EXERCISE REQUIREMENTS.
Down to the last line, set down the material below exactly, excluding pictures.

DATASET EXTRACT.
====================
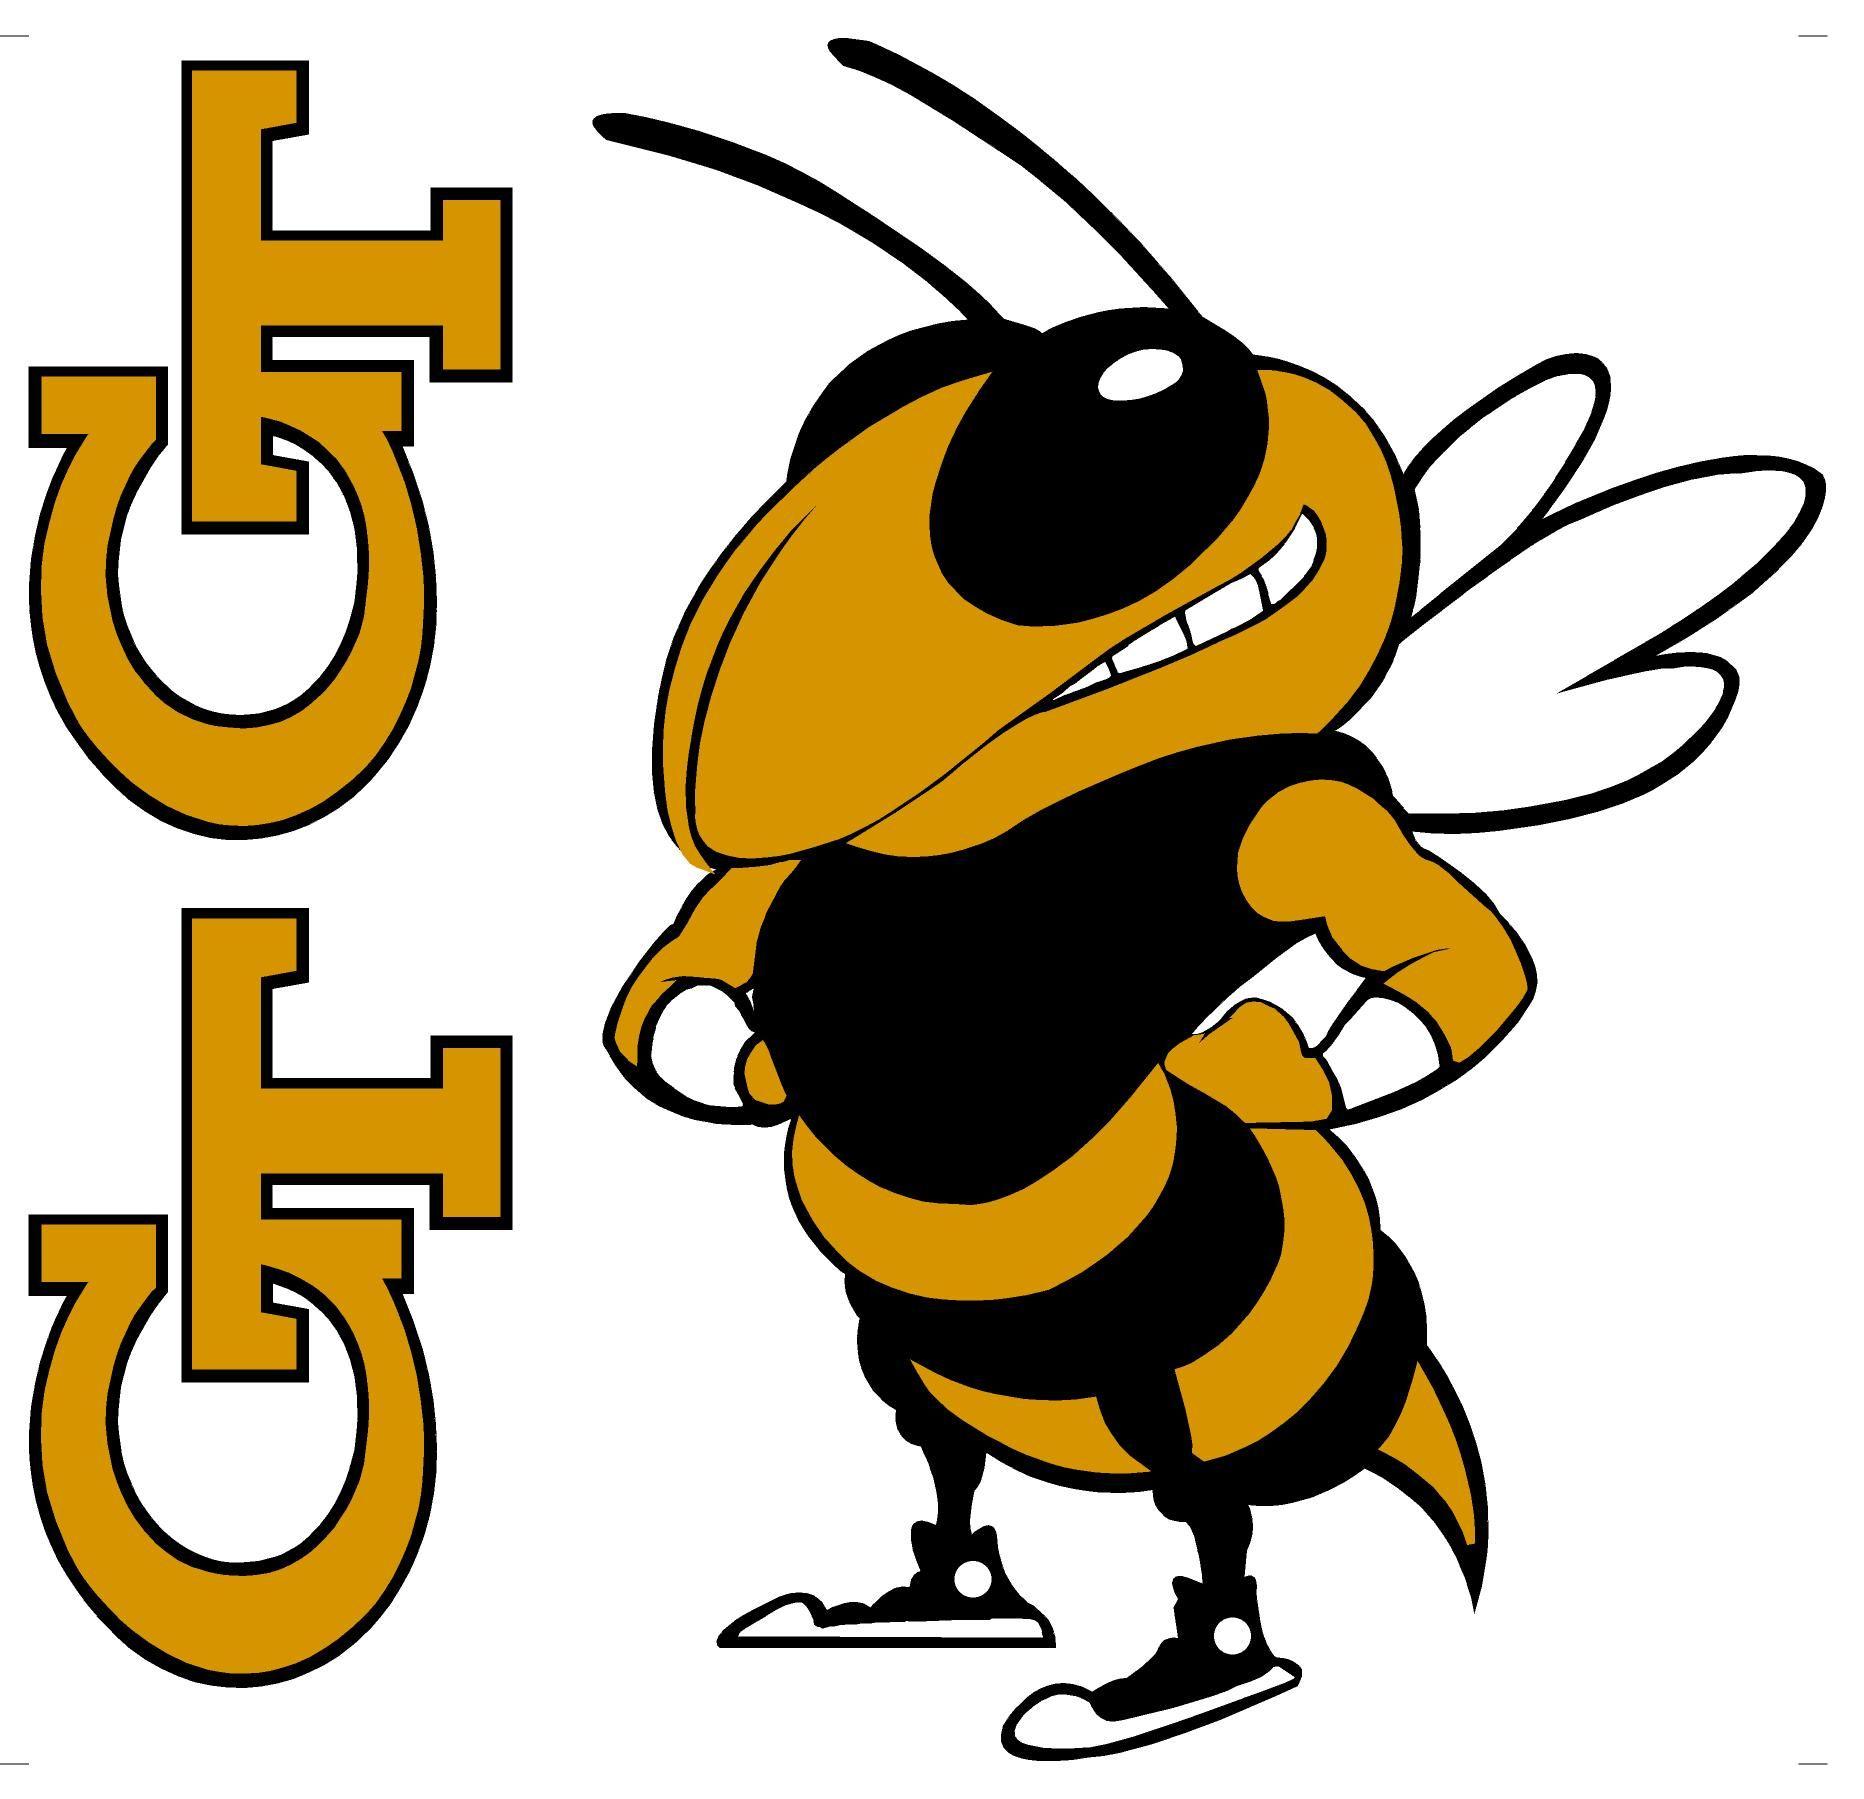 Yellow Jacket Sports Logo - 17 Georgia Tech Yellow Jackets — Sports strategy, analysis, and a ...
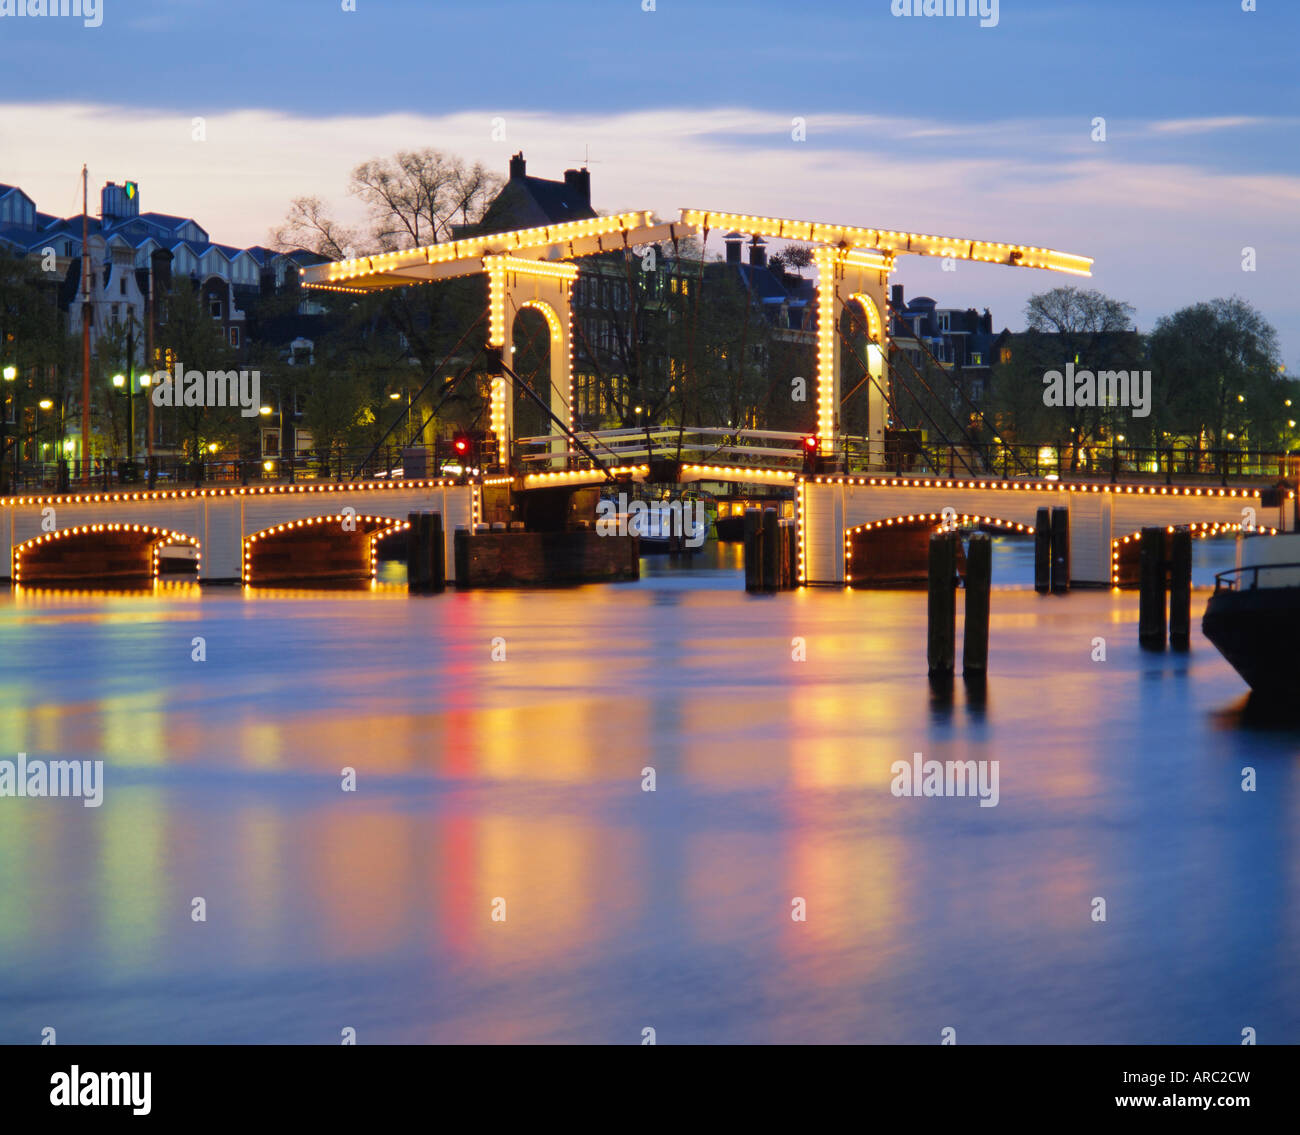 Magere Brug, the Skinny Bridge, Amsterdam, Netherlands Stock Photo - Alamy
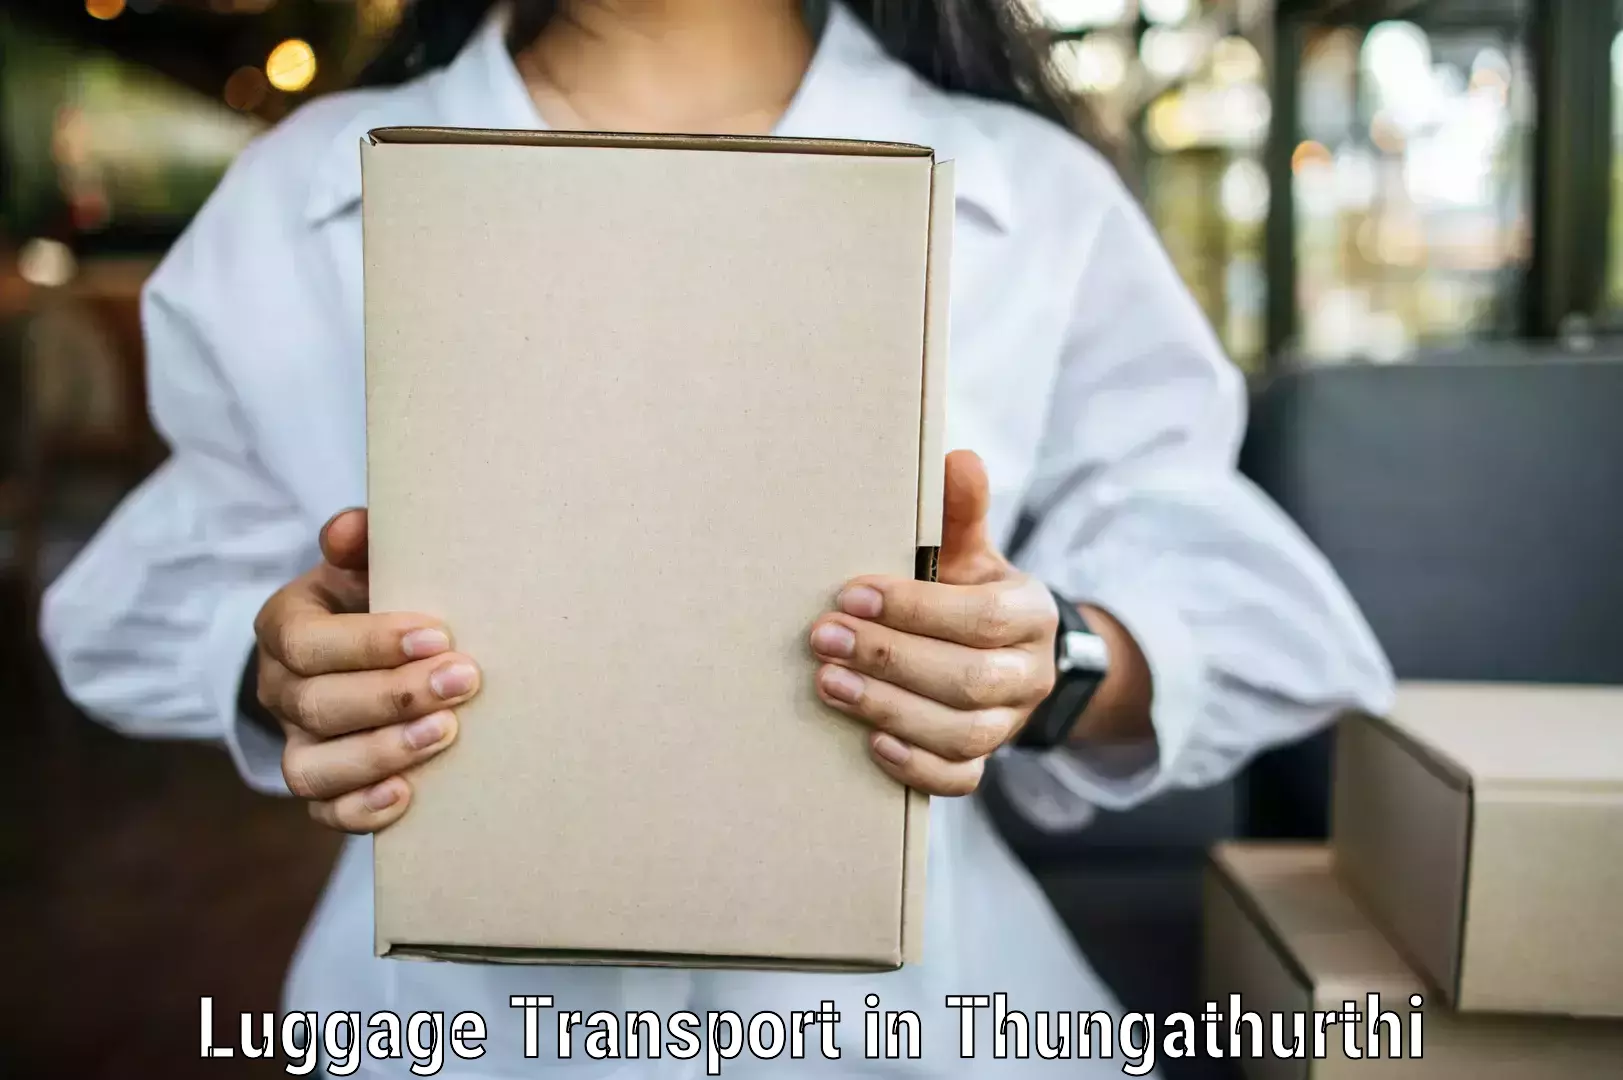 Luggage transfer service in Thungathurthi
====================
REPLY TO THE TASK.
 Yellow Jacket Sports Logo - 17 Georgia Tech Yellow Jackets — Sports strategy, analysis, and a ...
 Magere Brug, the Skinny Bridge, Amsterdam, Netherlands Stock Photo - Alamy
 Luggage transfer service in Thungathurthi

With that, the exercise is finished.